Vendredi, 8bre 1915.


Ma chère petite Femme,


Tes lettres si affectueuses me font grand bien ; elles m’aident à passer les heures
lentes ou inquiètes ; mon émotion en les lisant rappelle un peu celle des collégiens
qui reçoivent la visite de leur maman. Et puis tu as une façon calme de le dire « ma
petite femme » qui me fait songer à une petite Louise blottie dans mes bras ; c’est
un joli et doux souvenir, dont je me repaits
q.q. instants : merci de l’avoir fait
revivre dans ma mémoire.


Ce matin, au « réveil », on me remet tes petites épîtres des 4 et 5 courant ; tu vois
que je suis plus vite servit que toi. Et tout d’abord un bon point, car de l’une à
l’autre le changement de ton est marqué, la 2e montre plus de
calme et de volonté ; tu t’habitues à vivre dans l’état d’esprit qui sera le nôtre
pour plusieurs mois encore. C’est bien, reprends de plus en plus la maîtrise de
toi ; car rappelle-toi ce que je t’ai demandé : je ne voudrais pas pour beaucoup te
retrouver séchée, les yeux frippés, les traités tirés, vieillie en un mot.

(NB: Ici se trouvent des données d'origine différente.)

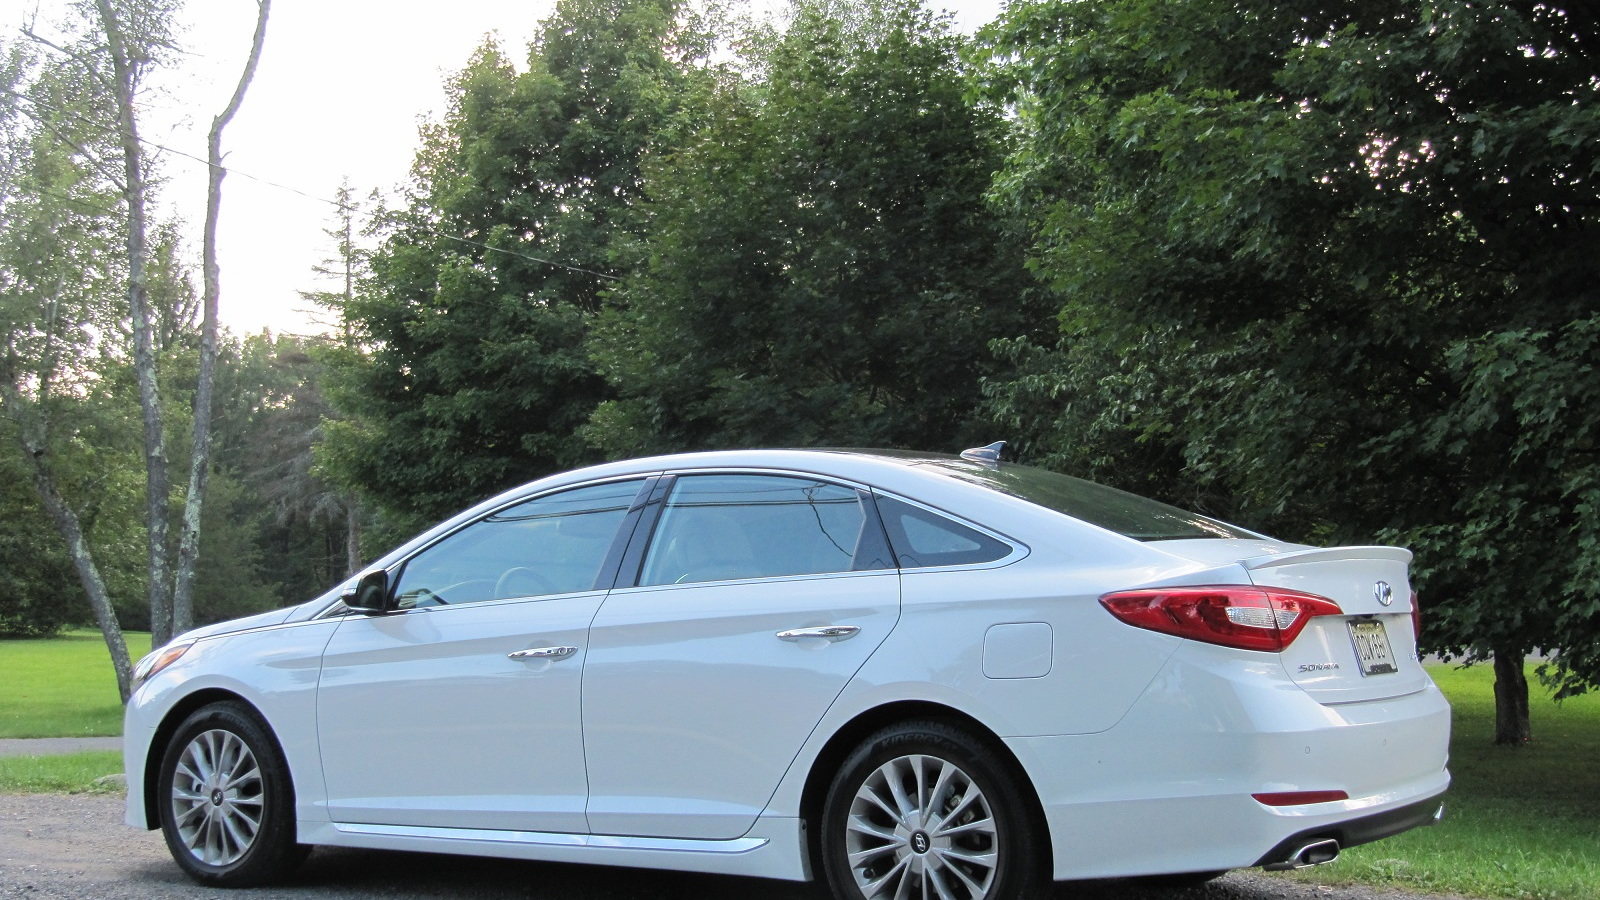 2015 Hyundai Sonata Limited, test drive, Hudson Valley, NY, Aug 2014

Tous tes menus détails sur mes colis m’amusent bien et j’en jouis un peu comme un
gosse qu’on câline quand il a mal ; tout est bien réglé, bien arrangé, et je n’ai
rien à changer à ce que tu as projeté ; ce sera très bien ainsi, et je serai
incontestablement l’un des maris les plus gâtés à distance, en attendant de l’être
de près. Mes précédentes lettres répondent à la plupart des questions que tu poses ;
voici pourtant q.q. réponses supplémentaires.
1°Saucisson : j’en suis suffisamment pourvu pour
q.q. jours ; tu pourrais m’en renvoyer un du
25 au 30 courant, cuit ou cru peu importe.


[surplus]


André a-t-il reçu la toile de tente boche que je lui ai envoyée ; as-tu bien traité
l’heureux caporal qui t’a apporté de mes nouvelles ?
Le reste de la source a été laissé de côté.